Evaluating the Model's Performance
The Receiver Operating Characteristic (ROC) curve below illustrates how the false positive rate varies with different discrimination thresholds. By default, the threshold is set to 0.5, which can be adjusted, but I find the default adequate.
The area under the ROC curve (AUC) is a crucial metric for assessing model efficacy. It ranges from 0.5 (indicating random guessing) to 1 (indicating perfect discrimination). This model achieves an AUC of 0.818, which is commendable.
To enhance the model further, integrating advanced player tracking data could be beneficial. However, since this data is only available from the 2013/14 season onward, it is not feasible for training a model at this stage. Another potential improvement could involve factoring in team strength, as promising players on strong teams might have less playing time compared to those on weaker teams.
Insights from the Model
Earlier, I questioned if the model could differentiate between the rookie seasons of Evan Turner and Paul George. Ultimately, it assigned Paul George a 33% probability of becoming an All-Star, while Evan Turner received only a 7.5% chance. Though both were categorized as non-All-Stars, the model effectively recognized a meaningful distinction between the two.
Among the training sample players, the model forecasted the highest likelihood for Tim Duncan—over 96% chance of All-Star status, which aligns with his rookie season achievement. High probabilities were also noted for Shaquille O’Neal (94.3%) and Pau Gasol (93.3%).
Conversely, Clark Kellogg was flagged as a false positive with nearly a 90% chance of being an All-Star, despite knee injuries that curtailed his career after five seasons. On the flip side, Jayson Williams and Ricky Pierce received 0% odds from the model, yet both made it to one All-Star game.
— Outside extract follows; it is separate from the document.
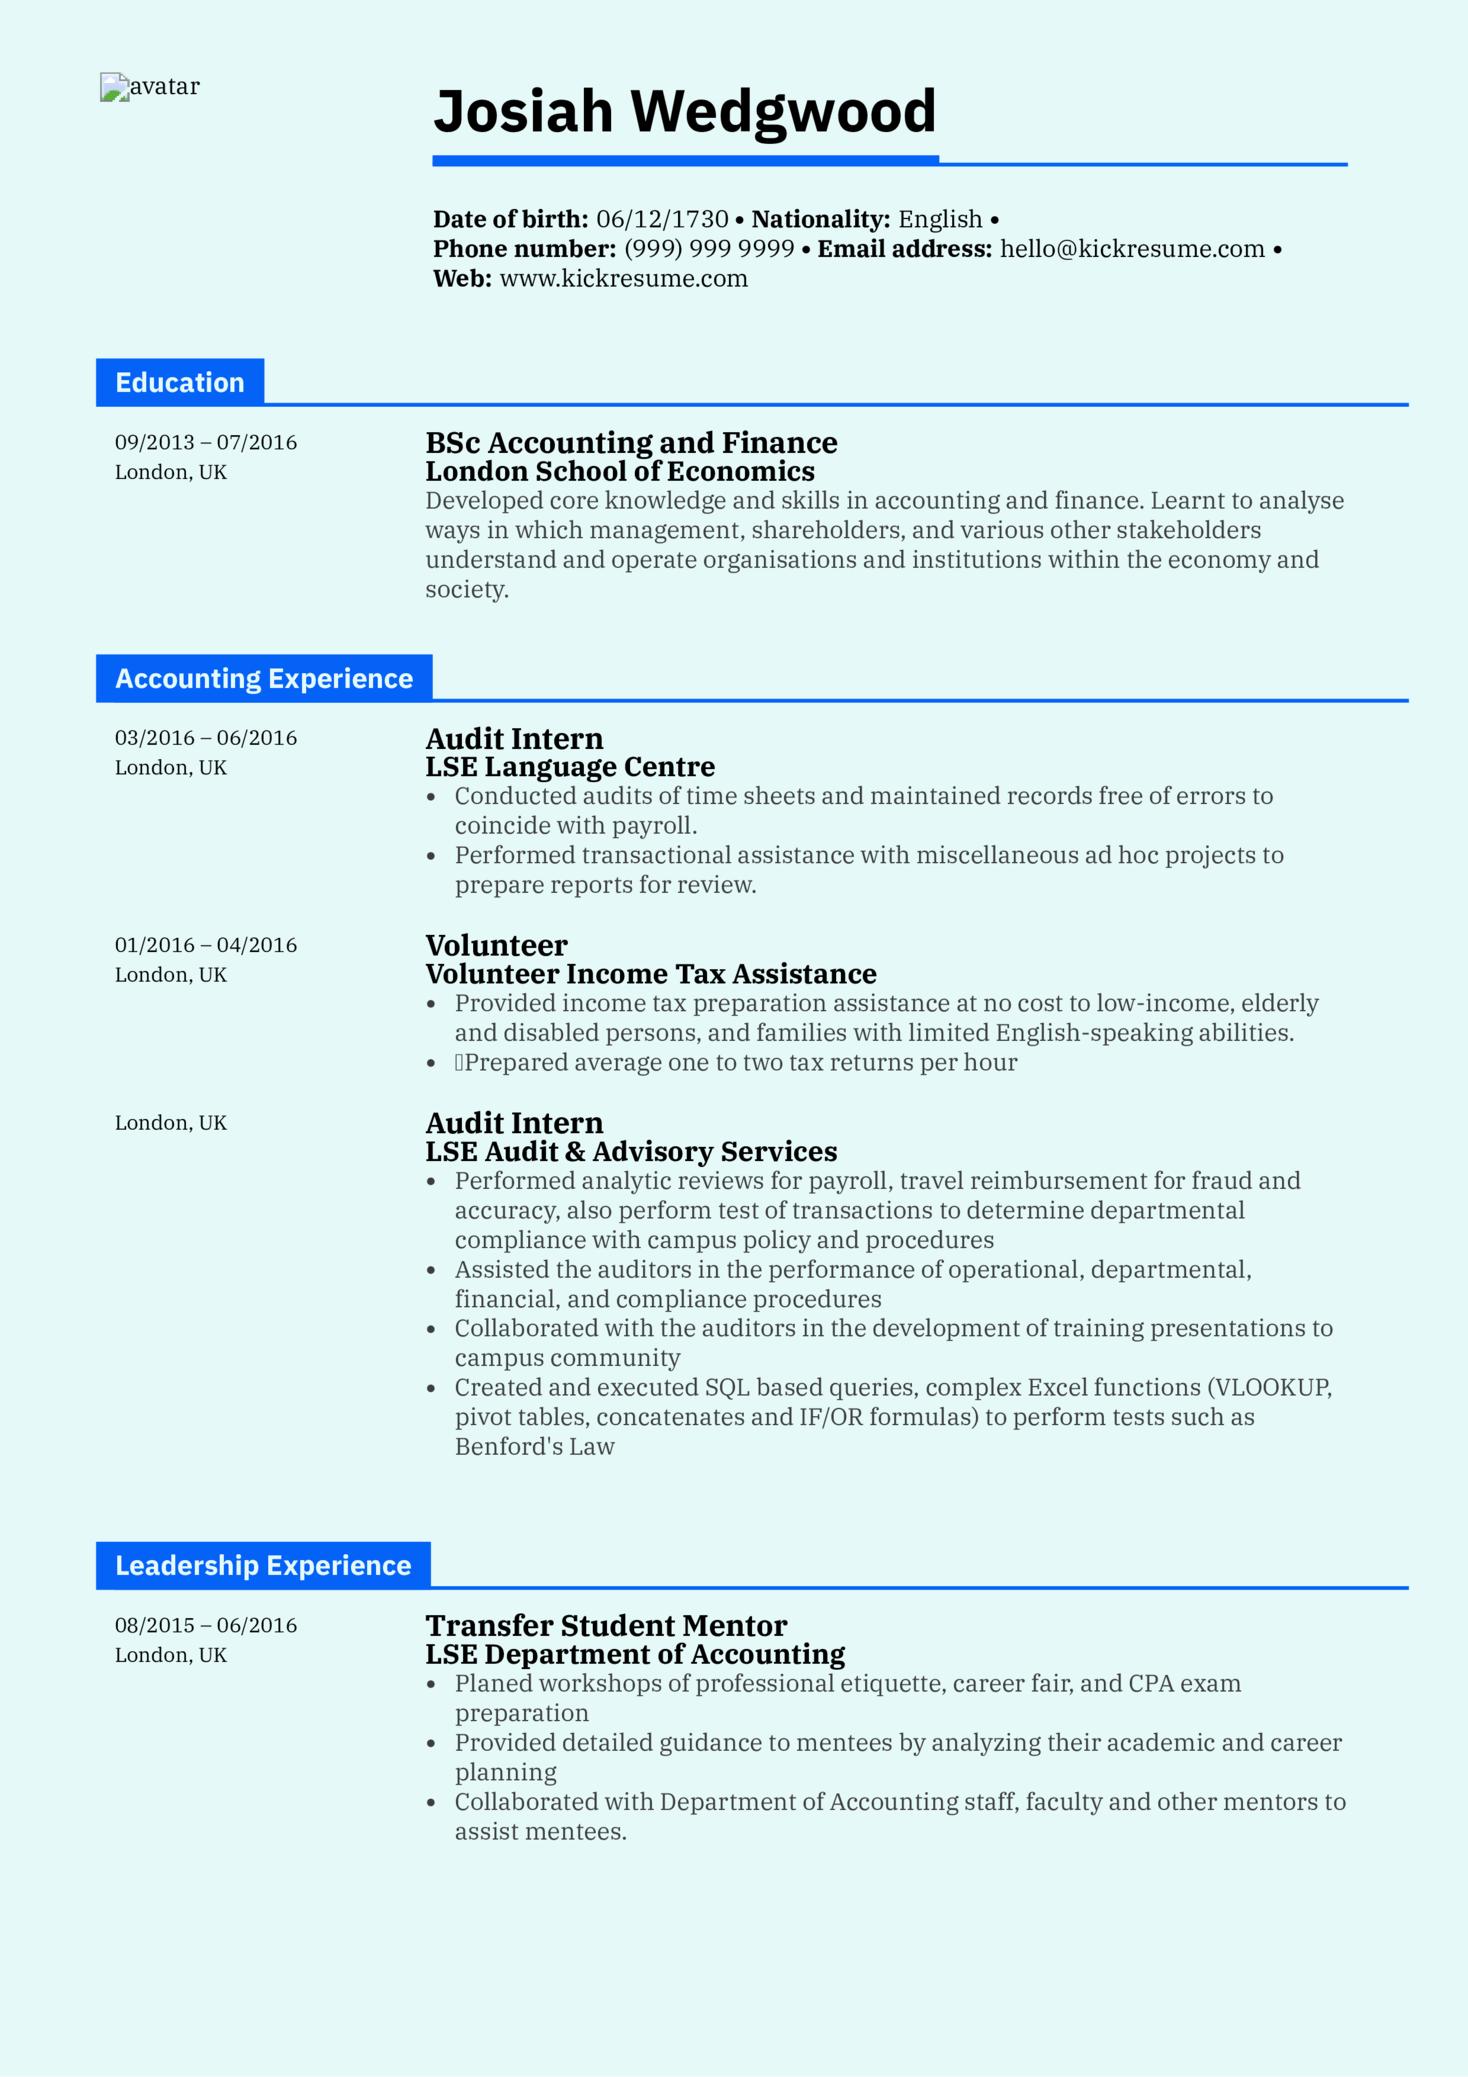 Graduate Accountant Resume Sample (Teil 1)

The model's performance with Rookie of the Year winners is summarized below:
Future Predictions for the 2020 Draft Class
Using the model, I can project outcomes for the 2020 draft class. If re-drafted based on this model’s predictions (excluding some players with limited data), the results would be as follows:
While no standout prospects emerged, the model predicts that two potential All-Stars—Tyrese Haliburton and LaMelo Ball—could arise from this group. The confusion matrix results suggest that there may be additional hidden talents among the less remarkable rookies.
Final Thoughts
Evaluating basketball prospects presents a significant challenge. So, can rookie performances indicate future All-Stars? The answer is partially affirmative. While rookie seasons offer valuable insights, the unpredictable nature of careers means many talented players may not be easily distinguishable from average rookies.
Enhanced data collection methods could further refine predictions. The introduction of player tracking technology since the 2013/14 season has provided richer datasets, paving the way for more accurate forecasting. However, until a larger sample is available, the model's predictive capabilities remain constrained.